Editable CMS-like field

Greetings to everyone. I’m more like a designer than a webmaster and I’ve spent a month designing something unique and artistic in HTML5&JS for a customer. It’s responsive and works in every navigator, platform and operating system. Gosh, it’s like it has its own life.

Today I receive an email from my customer saying she wants editable fields in a section of the contact/pricing subpage. I can’t say no, it’s my best customer. If I had a gun in my mouth I would pull the trigger.

The deadline is very soon and I have no time to remake the whole website for Wordpress or any other CMS management system. Is there any way to place an applet, a script, or whatever, into the HTML code and make it easy to edit for her? Like an addon, wordpress based, allowing me to grab text from somewhere else (like a blogger site she can easily log in?) and place it in the exact spot of my website where she wants it?

Something just came to my mind. What about a hidden form in a hidden url (like www.mywebsite.com/dont/enter/here/surprise.php) that edits a txt file? Can I paste some code into the pricing table so it reads numbers from that txt file?

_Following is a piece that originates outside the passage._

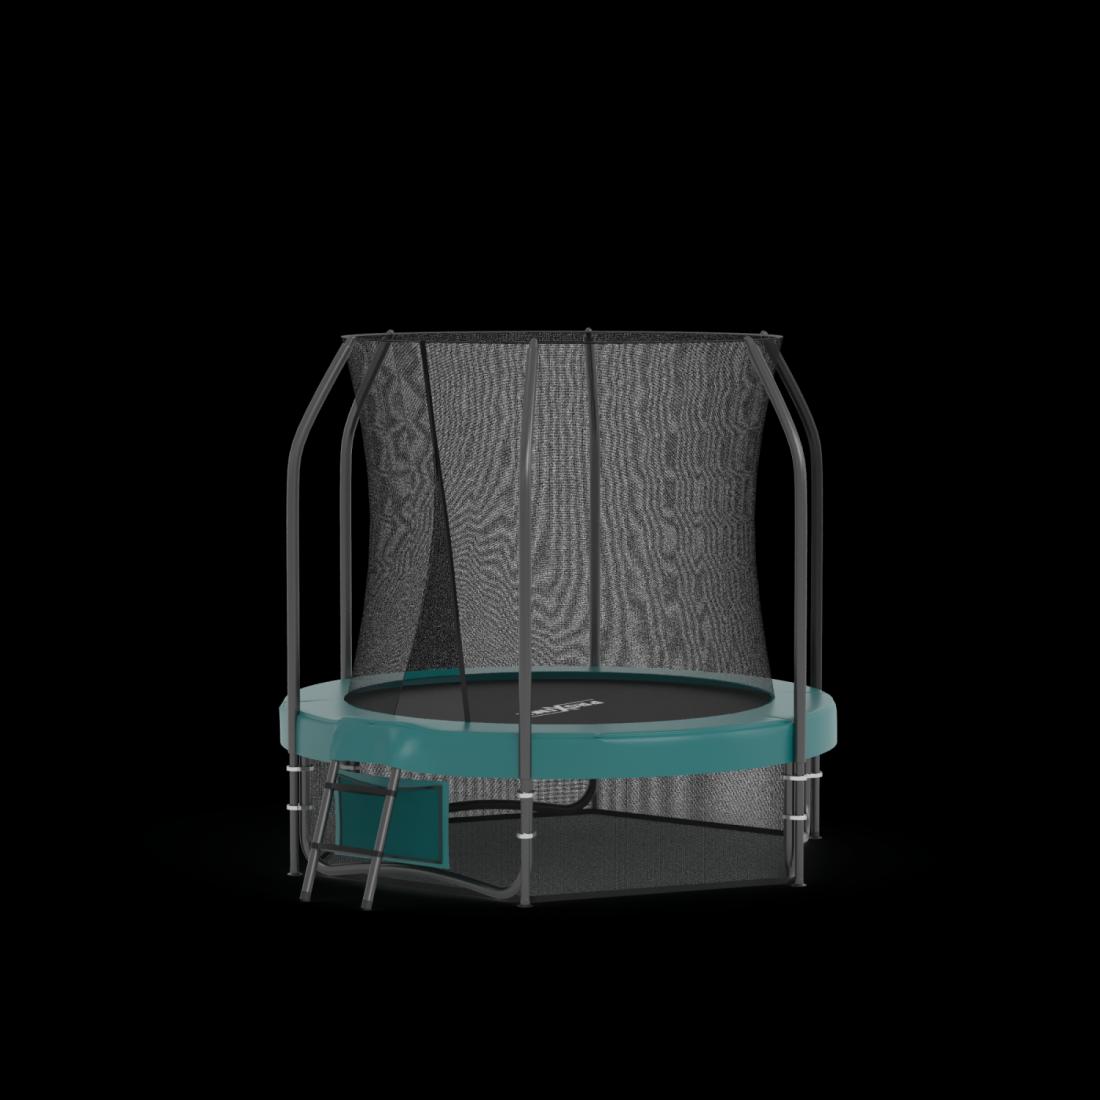 Батут Proxima Premium (183 см, до 120 кг)
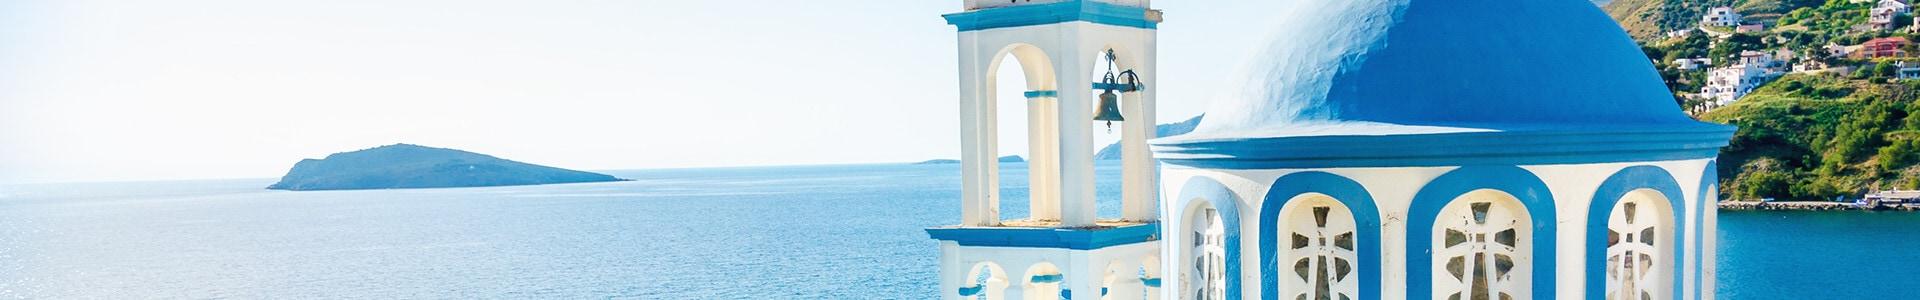 Voyage Crète - TUI

I would say there must be a way, I’m just too ignorant and confused to find it. I beg your help.
Thank you.

Hi pinguinoz. Welcome to the forums. :slight_smile:

There are some really nice, simple CMSes that integrate with your static HTML site, which I think would be perfect here. Probably the best of them is Perch. You install it on your server and just add in editable regions on your pages where the client wants to be able edit stuff. Then they log in to a new section of the site where they can add in content and even add new pages if you let them).

There are some online services that do a similar thing, like CushyCMS, which are even easier, but you have to give them your login details, and I’m not so keen on that and using a third party service that could disappear (although they’ve been around for a long time).

I’d say you should tell your client that you should have known that before you started making the site. That implementing a CMS isn’t something you can just do without changing the whole configuration of the site, and that that involves additional techniques that are costly, in terms of labor.

I just created a CMS that is much, much more user-friendly than all other CMSs there are, including the ones Ralph linked to, but even that very probably involves a very different set-up of the site. Plus a good working knowledge or Javascript and PHP (not SQL).

That’s not really true for the CMSes I linked to above. You can leave your site exactly as is and just add in a few extra bits where needed using those.

That would surprise me, because Perch states on its home page: “Perch will run on any hosting that has PHP 5.3 or above and MySQL.” That suggests that the to-edit files or file parts are stored in a database. Which would requite a whole different set-up of the site.

No, that’s the beauty of it. As I mentioned, you can just build a completely static site and then install Perch on your server (e.g in the root folder of the site). You then open any page on your static site that you’d like to make editable, and add in some simple tags to create an editable area. Perch doesn’t control the whole site, just areas you make editable.

As it has grown, new features have been added in, like the ability to create a blog etc, although it still follows the same principle of integrating with your exiting, static pages.

On re-reading and second thought, you’re probably right, Ron. The MySQL is probably just used to store the user names and passwords.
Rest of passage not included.